Jacob Goldstein of the WSJ’s Health Blog lists the key tax provisions in the Senate bill, which include a tax on high-end health insurance plans and an increase in the payroll tax for high-income earners.

Insure Blog’s Henry Stern is nonplussed with the bill’s estimated savings: “That bears repeating: if (and that’s a big if) it really meets expectations, Sen Reid’s baby will cut, over 10 years, the equivalent of one month’s deficit. Color me underwhelmed.” (Italics/bold Stern’s).

The Washington Post’s Ezra Klein disagrees, looking at the bill’s cost provisions in the three decades following its passage.  “In the second decade, however, …savings from Medicare and Medicaid, paired with the excise tax (which CBO says “is effectively a reduction in the existing tax expenditure for health insurance premiums”) and a handful of other changes, leaves the government spending no more on health care than it otherwise planned to. That’s impressive stuff. And it implies, of course, that in the third decade, the federal commitment actually goes down relative to expectation. The curve, as they say, is bent.”  Klein goes on to argue that getting these cost controls in the bill was part of a “grand bargain” that would not have passed without coverage expansions.

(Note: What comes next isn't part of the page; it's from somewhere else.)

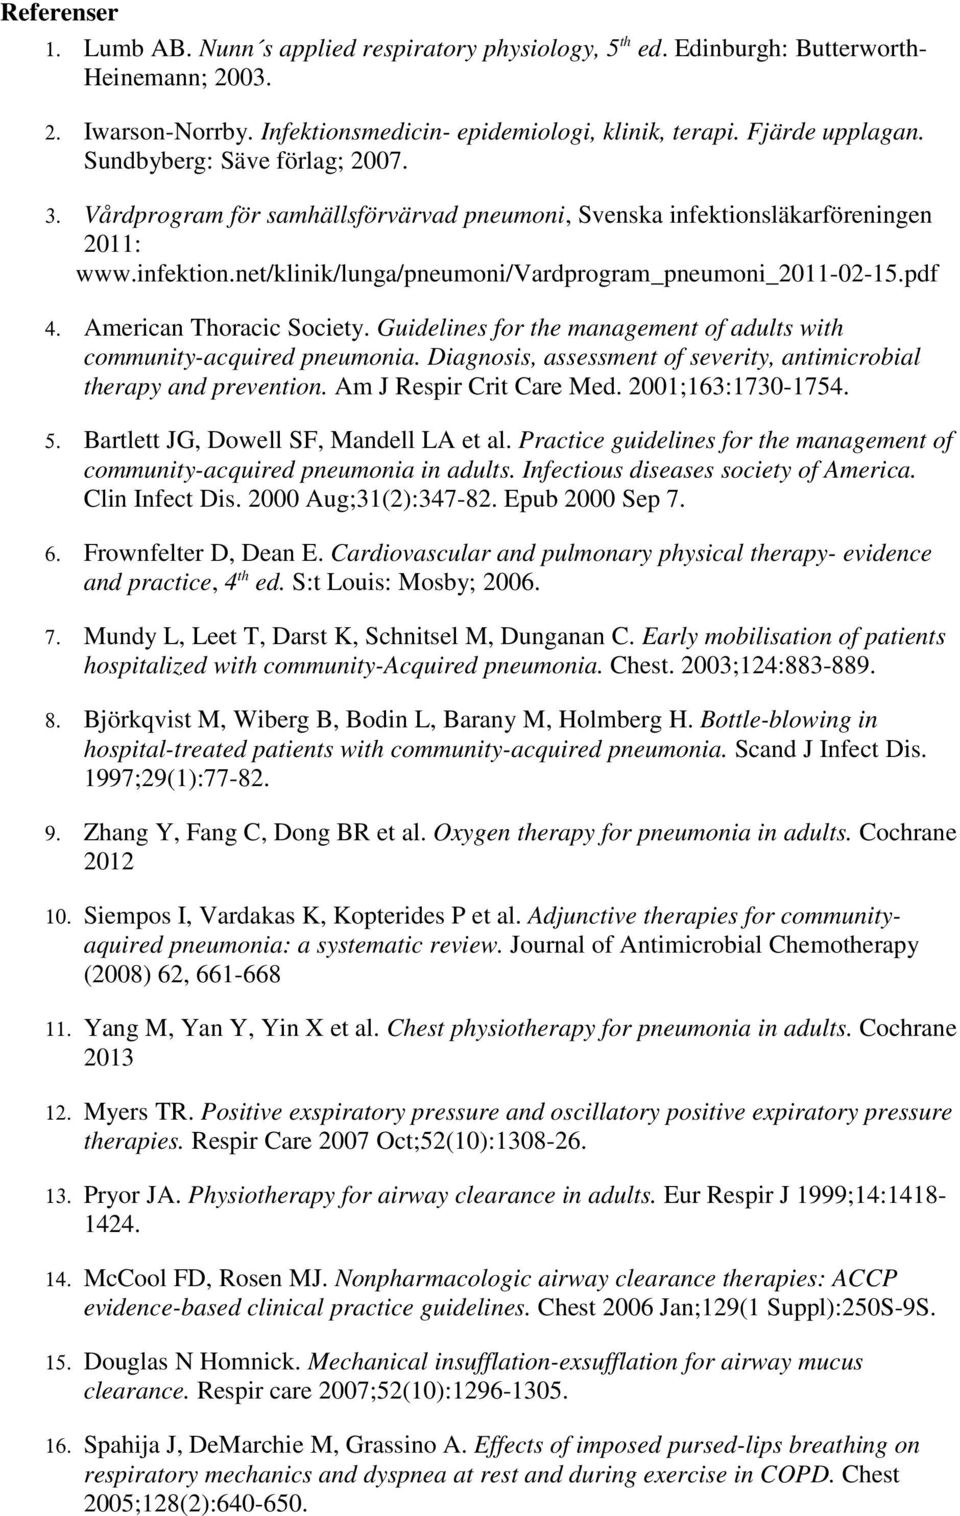 American Thoracic Society. Guidelines for the management of adults with community-acquired pneumonia. Diagnosis, assessment of severity, antimicrobial therapy and prevention.

Critical Condition’s Kathryn Jean Lopez posts a message from the National Right to Life Committee on the bill’s abortion provisions.  The anti abortion group says: “Regrettably but predictably, Reid rejected the bipartisan Stupak-Pitts language.  Instead, Reid has sought to please the militant minority that demands funding of abortion through federal programs, even though substantial majorities of Americans believe that abortion should be excluded from government-funded and government-sponsored health programs.”

Amy Allina of Raising Women’s Voices takes a look at the abortion provisions from the other side of the issue:

Senator Reid rejected the calls of antichoice activists to add the House-passed ban on abortion coverage in the exchange.  For the most part, the Senate bill confirms current law on access to abortion, as the Senate Finance bill did.  To respond to the concerns of antichoice Democrats, Reid’s bill spells out more specific accounting guidelines for the segregation of public and private funds to ensure that no federal money would be used to pay for abortion care.  It would allow insurers to offer abortion coverage to women in the exchange, including women who choose the public option if the Secretary of HHS ensures that federal money is not being used to pay for the services.  It also confirms that states would be allowed to pay for abortion services on their own, if the federal government decided not to include them in the public option.

Wonk Room’s Igor Volsky made a table comparing the House and Senate bills, saying, “The merged Senate legislation has lower affordability standards, covers less people, invests less in prevention, does not require all large employers to provide health insurance, and includes a weaker public option. But the bill goes further in controlling health care spending and reducing the deficit.”